Children Can Now Create Their Own Toys Using a 3D printer!
At New York's Toy Fair trade program in 2016, Mattel revealed its new, $300 3D Printer, the "ThingMaker," which permits kids to print their own toys in the house. The gadget operates in conjunction with a 3D printing app established in partnership with Autodesk that offers a basic user interface for developing products that can then come to life by means of Mattel's ThingMaker in addition to with other basic 3D printers currently on the marketplace.
The accompanying app is really crucial to making Mattel's 3D printing experience more accessible to a wider audience.
While there are affordably priced 3D printers available today, the software that works with them can often have a learning curve that can hinder adoption. With the brand-new application, live now on iOS and Android, the objective was to make it easy for anybody to design their own toys-- even younger kids.
Autodesk was charged with structure this app which early testers, including those at Toyland, have actually already described as "easy," "simple to navigate" and "ridiculously user-friendly."
Called ThingMaker Design, the app consists of a range of integrated character design templates and easy-to-use tutorials that help newbies start. But it also allows for developing characters from scratch, as soon as kids master things. The toys can be customized with various colors and textures, and will bend and twist in the app so you can get a feel for how they'll work after they've been printed. The developments can be saved as images to the mobile device's Camera Roll, or submitted to Google Drive or Dropbox.

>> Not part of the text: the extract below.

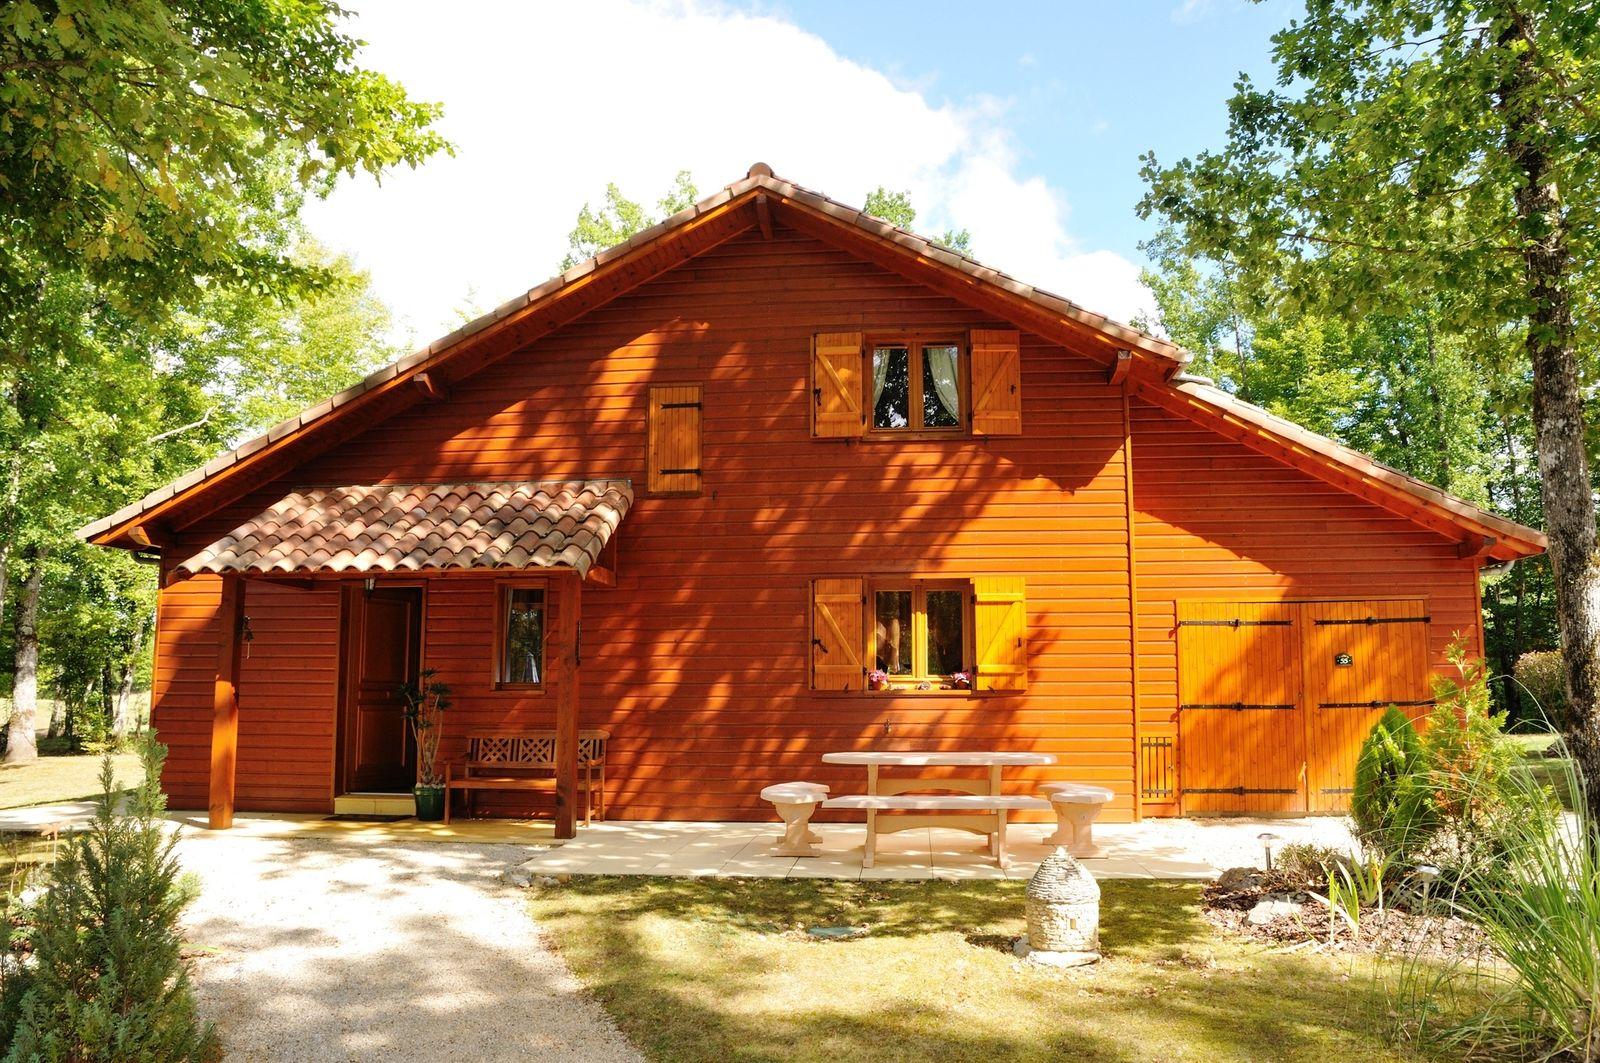 Afbeelding van Souillac Country Club - vakantiehuis Dordogne Confort

When a design is complete, the app lets you export the STL print files wirelessly to your at-home printer, whether Mattel's or otherwise.
The idea isn't simply to print an item and be done-- rather, kids will print parts that can be put together to form bigger productions, like dolls, robots, dinosaurs, scorpions, skeletons, bracelets or necklaces, for example.
The physical parts are printed in batches then assembled through ball-and-socket joints that snap together. This process can take anywhere from 30 minutes for a small product, up to over night (e.g. 6 to 8 hours) for a larger toy.
Mattel states its ThingMaker 3D will utilize a difficult PLA filament, but also hasn't yet announced the colors that will be offered. According to reports from the Toy Fair, however, there were some 2 dozen colors on display screen. A representative stated the company might launch other products in the future.
When printing starts, the printer's door will automatically lock for safety's sake, but kids can see the process through the clear window on the front. In addition, the printing head will likewise retract when not in use, which will help to keep kids safe from burning their fingers by inadvertently (or intentionally) touching the heated part.
While printing out toys is something that looks like it would attract littler kids-- Mattel covers itself from a liability perspective by saying the device is "created for users ages 13 and up," USA Today reports. But the simplicity of the app and printer's style combined with its function including toy printing will likely see moms and dads of younger kids bringing the device into their homes.
If the name "ThingMaker" rings a bell, it's because it references Mattel's initial at-home maker device from the 1960's. Back then, the company worked to influence kids' creativity by letting them develop toys like flowers or "Creepy Crawlers" by pouring liquid plastic-like product called Plastigoop into molds that were heated up then cooled.
Now the business says it has reimagined the ThingMaker experience for the 21st century.
"In today's digital age, it's more vital than ever for households to go beyond the digital world and make their concepts real," said Aslan Appleman, senior director, at Mattel in a statement. "ThingMaker presses the limits of imaginative play, providing families numerous methods to tailor their toys and let their creativity run wild."
As a toy brand, Mattel has actually been fairly forward-thinking when it concerns combining play and digital devices. In addition to the ThingMaker, the company likewise revealed a new View-Master gadget at the Toy Fair powered by Google Cardboard.